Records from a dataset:
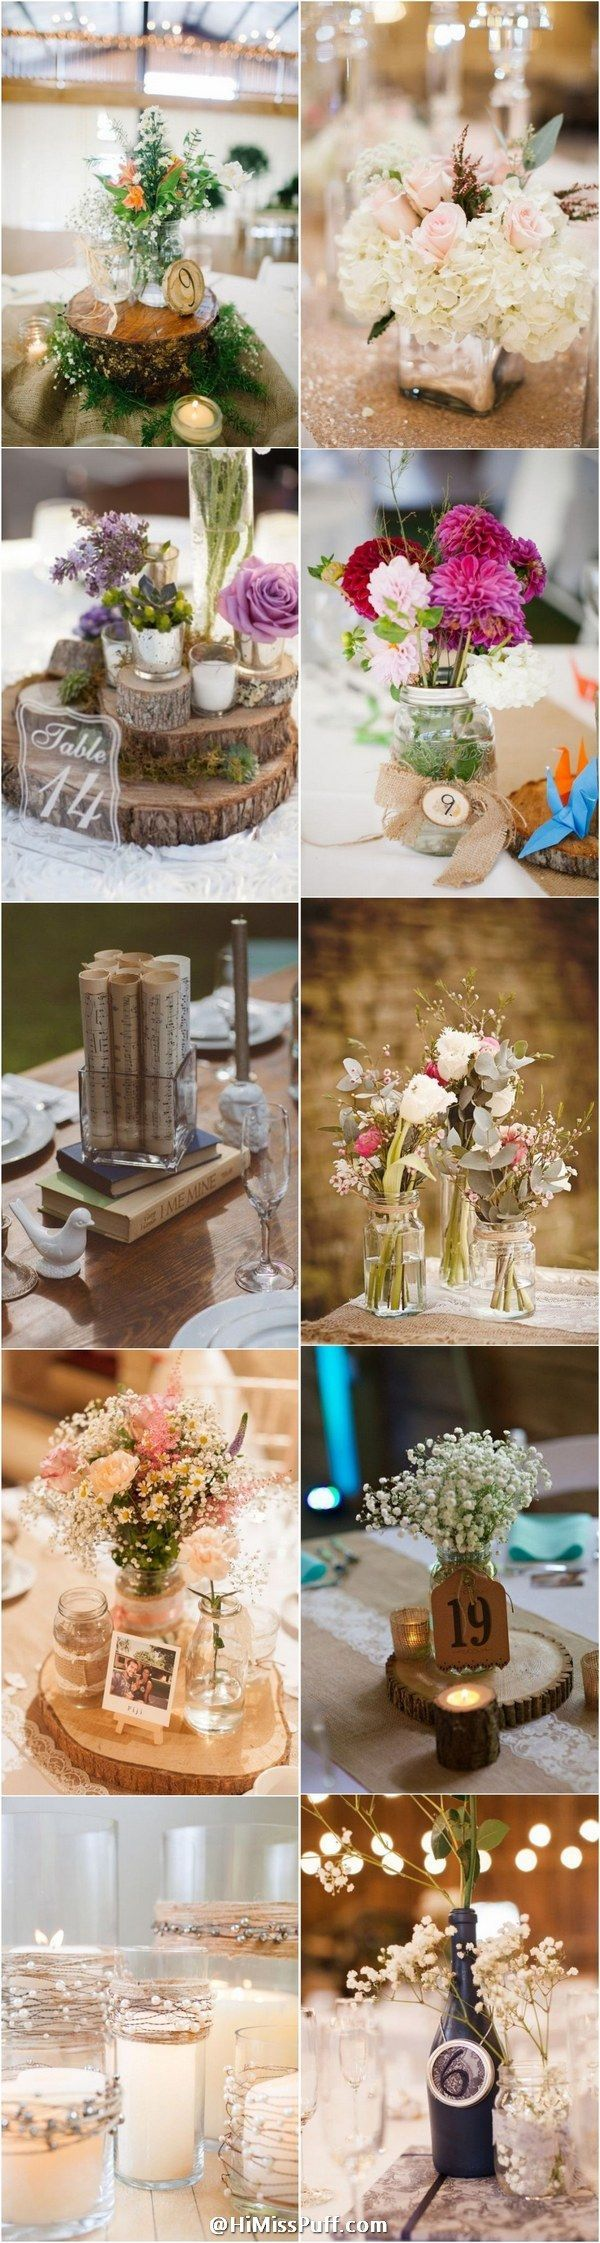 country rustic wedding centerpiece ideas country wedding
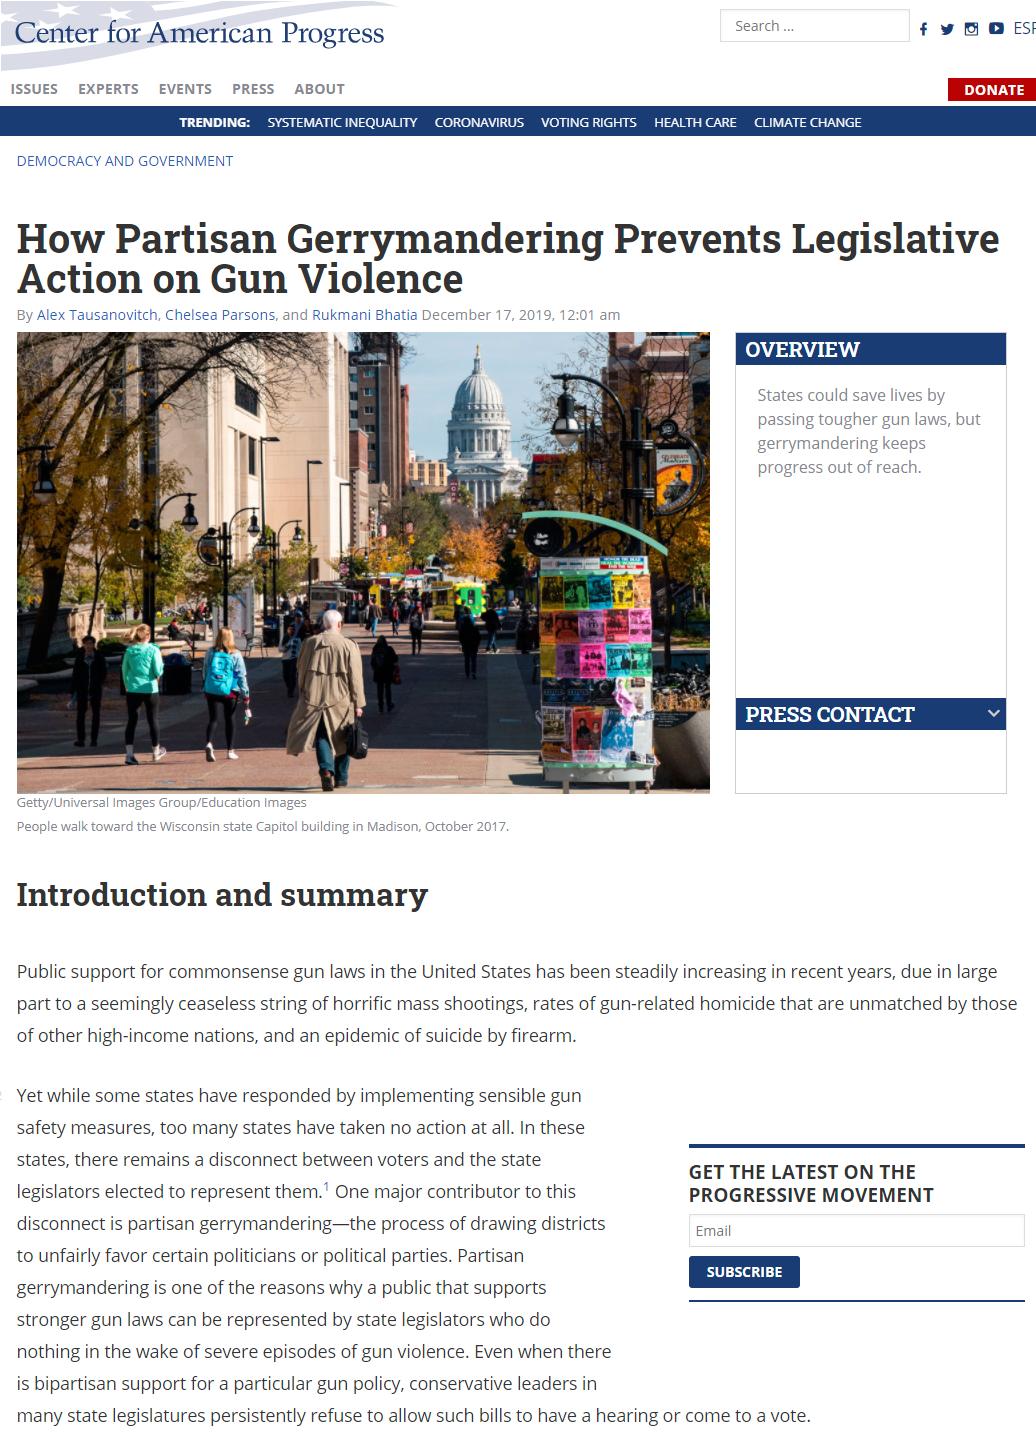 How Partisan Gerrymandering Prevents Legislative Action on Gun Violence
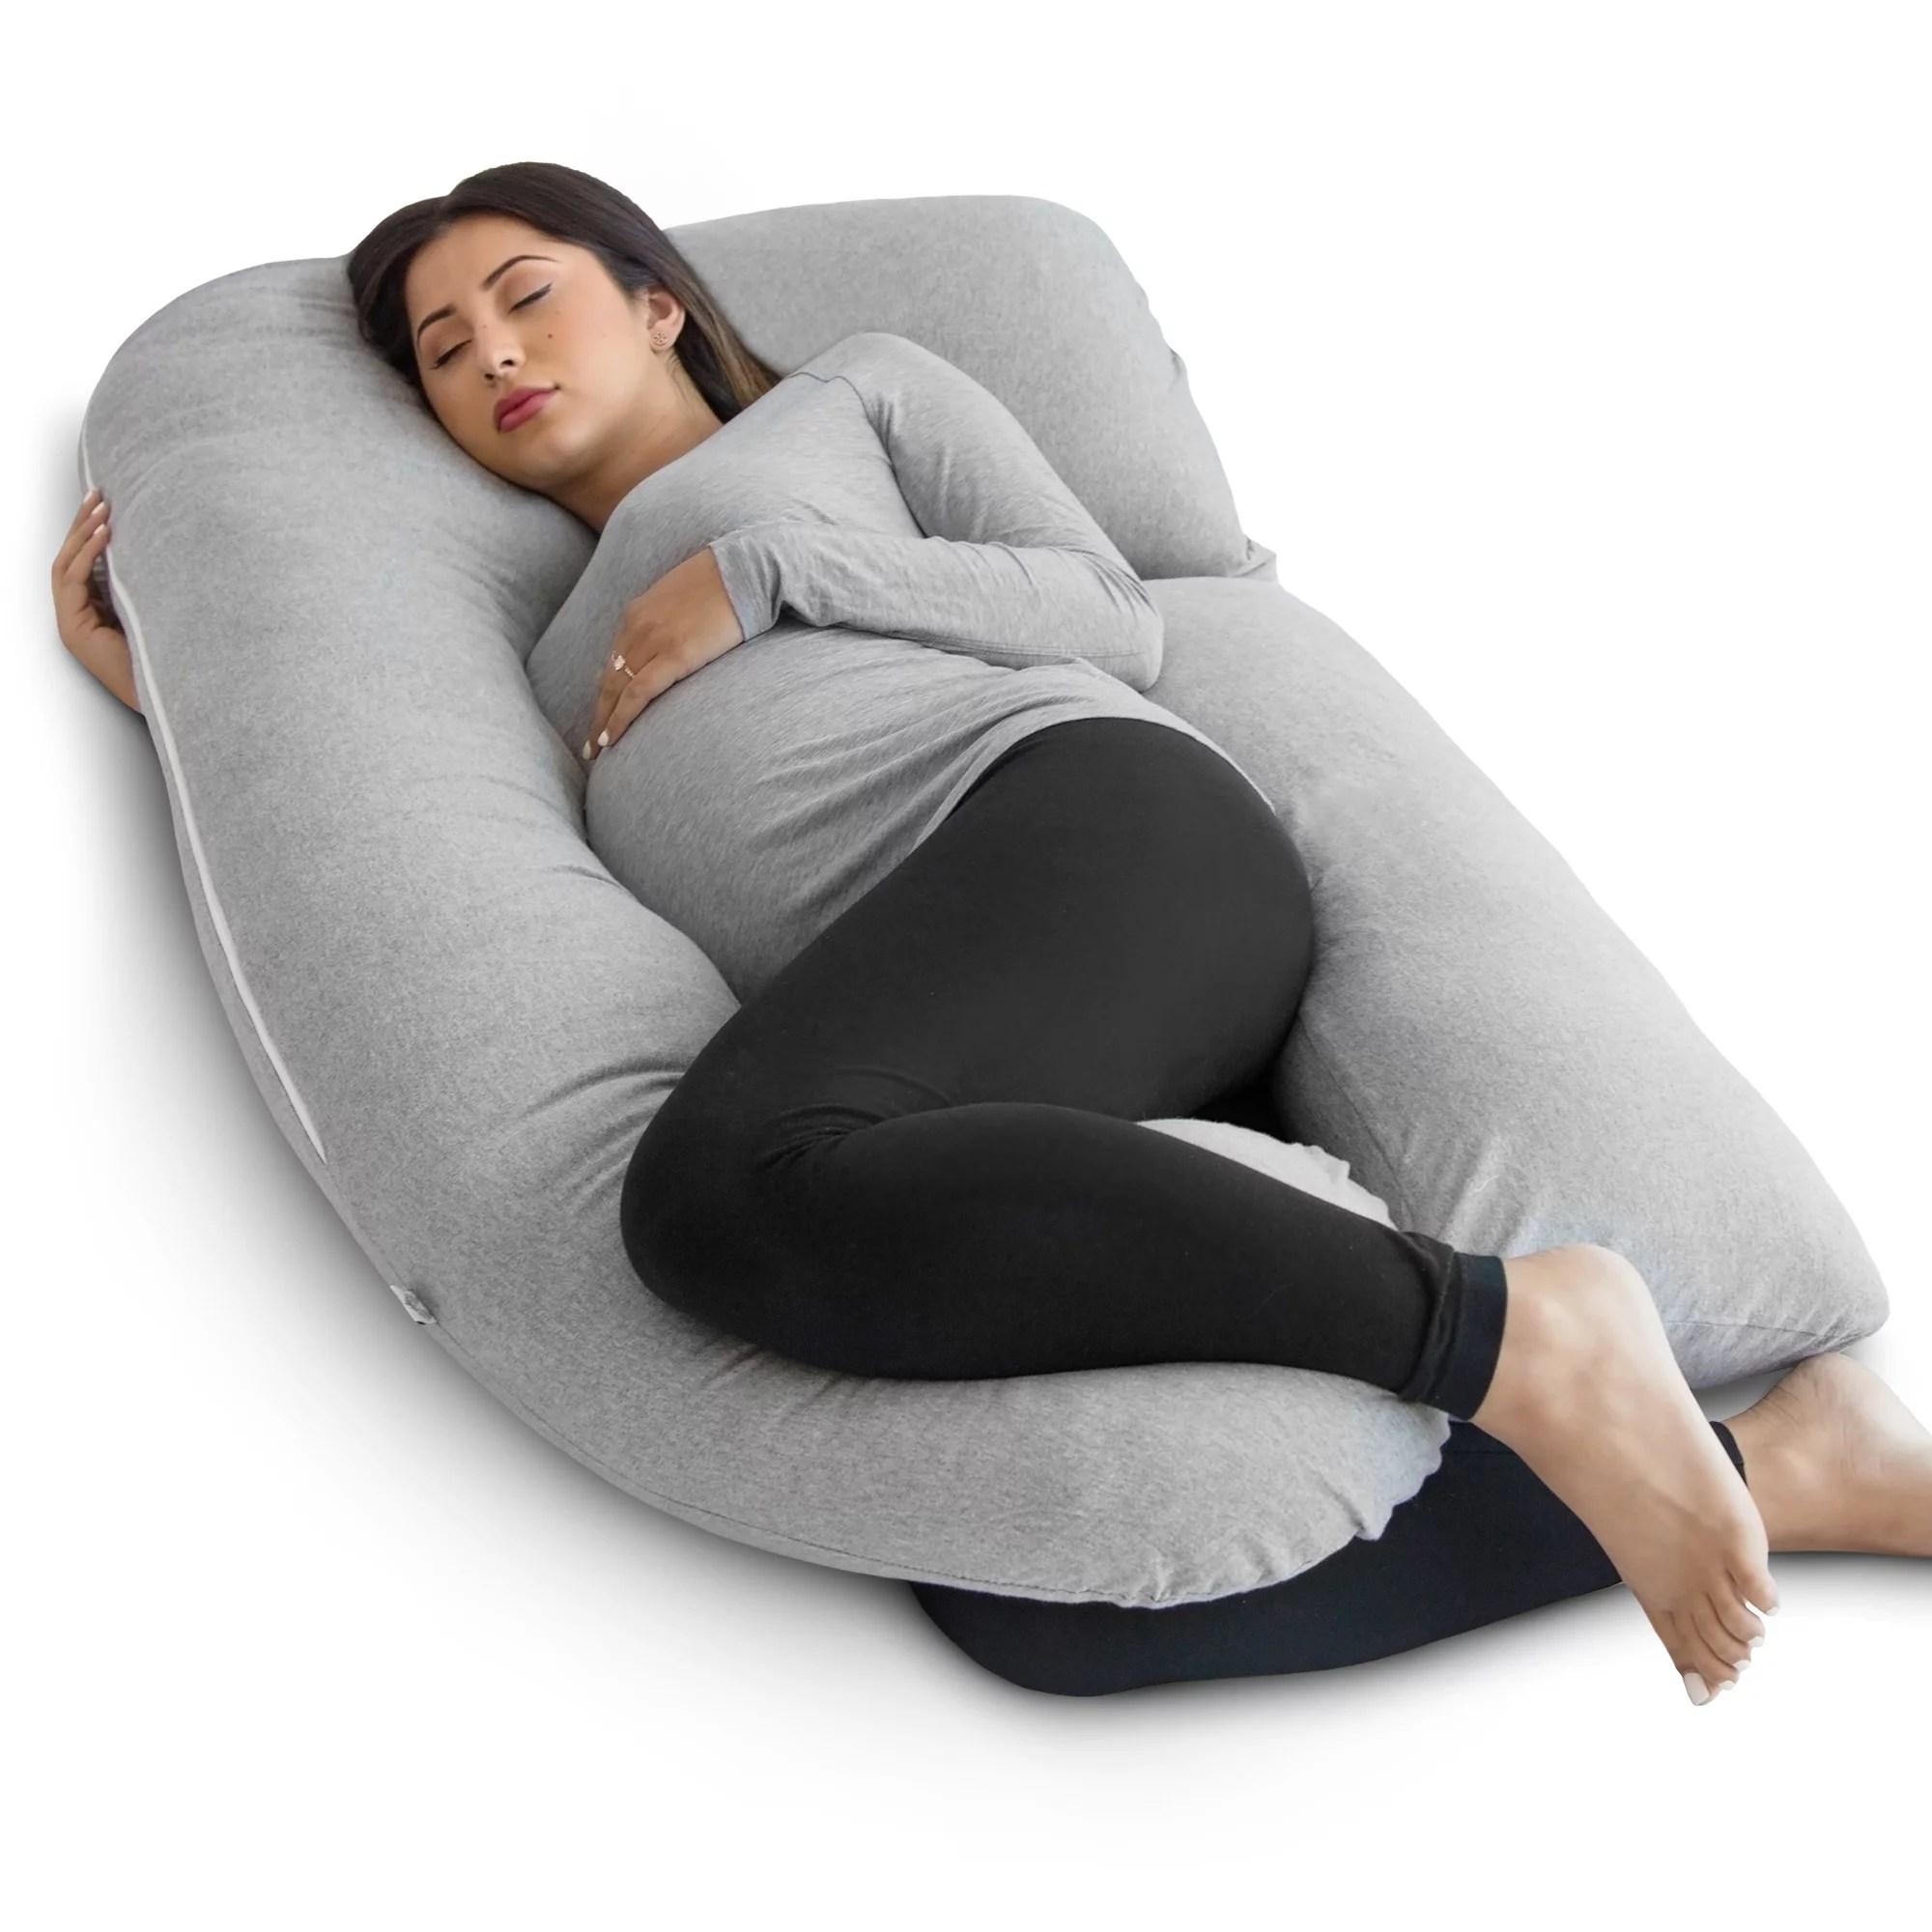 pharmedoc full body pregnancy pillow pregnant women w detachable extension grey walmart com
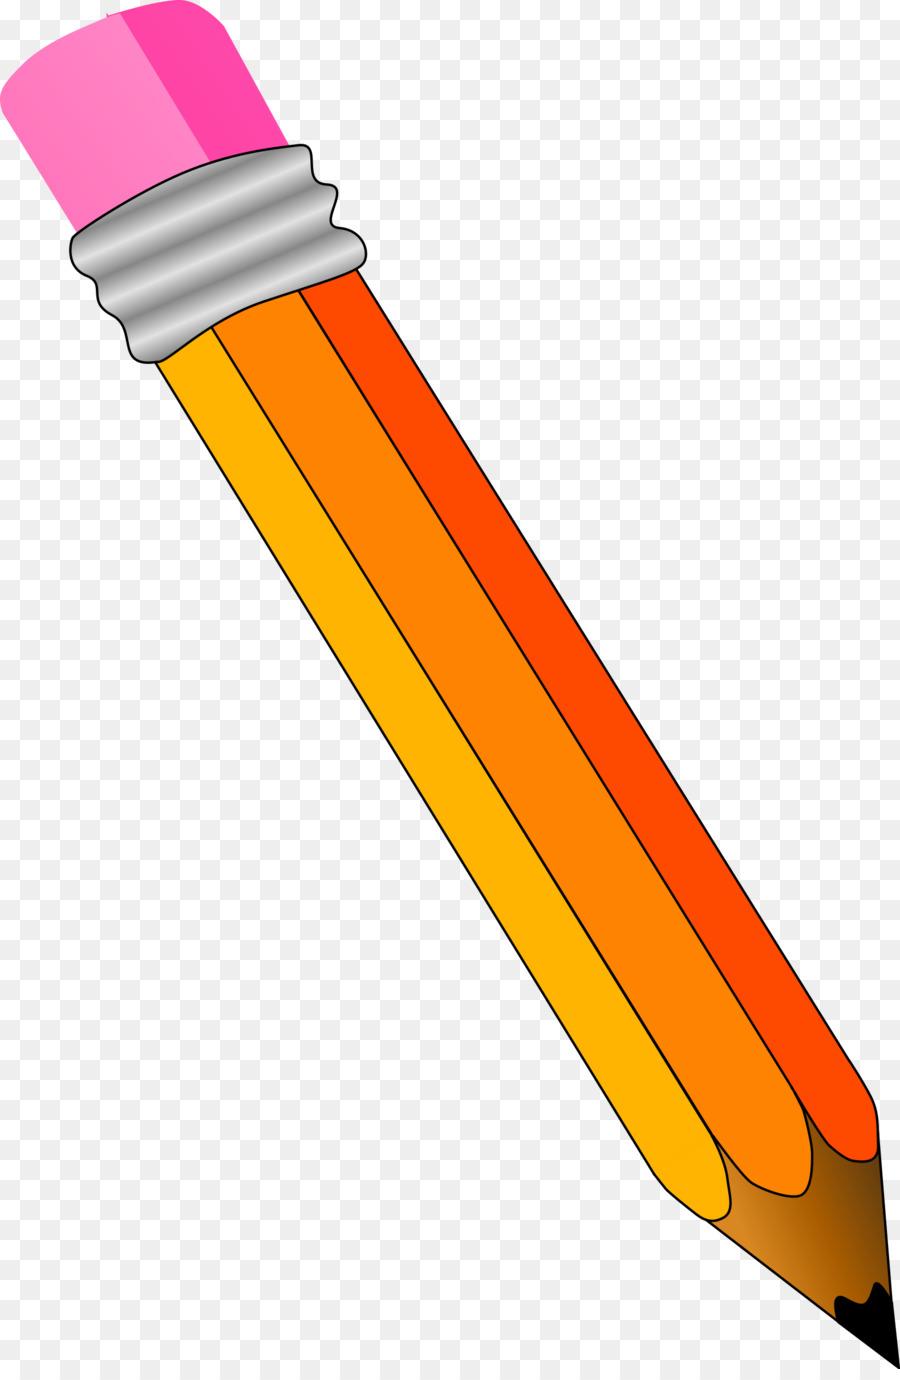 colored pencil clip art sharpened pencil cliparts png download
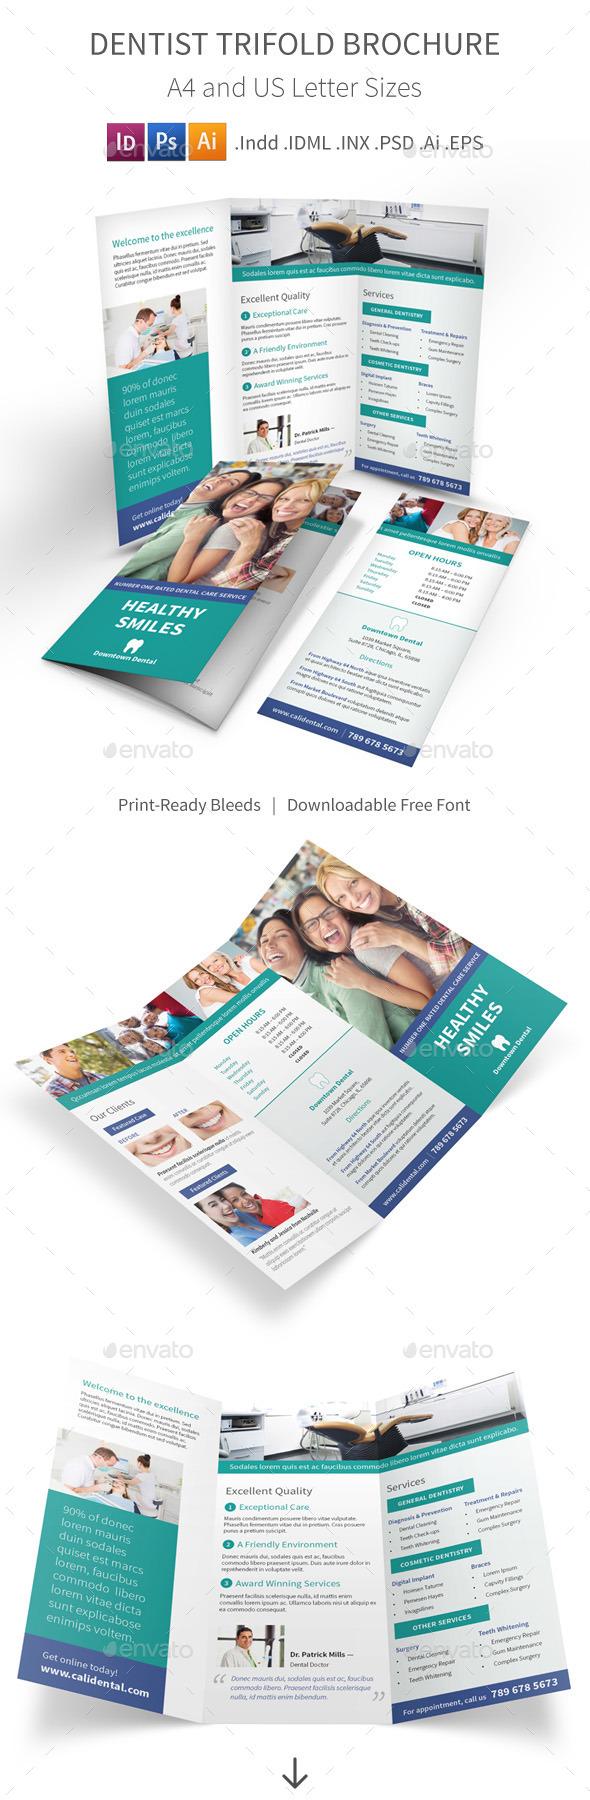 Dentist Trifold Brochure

What you have to do: Please copy the lines above exactly as written, apart from any pictures.

Solved exercise:
 country rustic wedding centerpiece ideas country wedding
 How Partisan Gerrymandering Prevents Legislative Action on Gun Violence
 pharmedoc full body pregnancy pillow pregnant women w detachable extension grey walmart com
 colored pencil clip art sharpened pencil cliparts png download
 Dentist Trifold Brochure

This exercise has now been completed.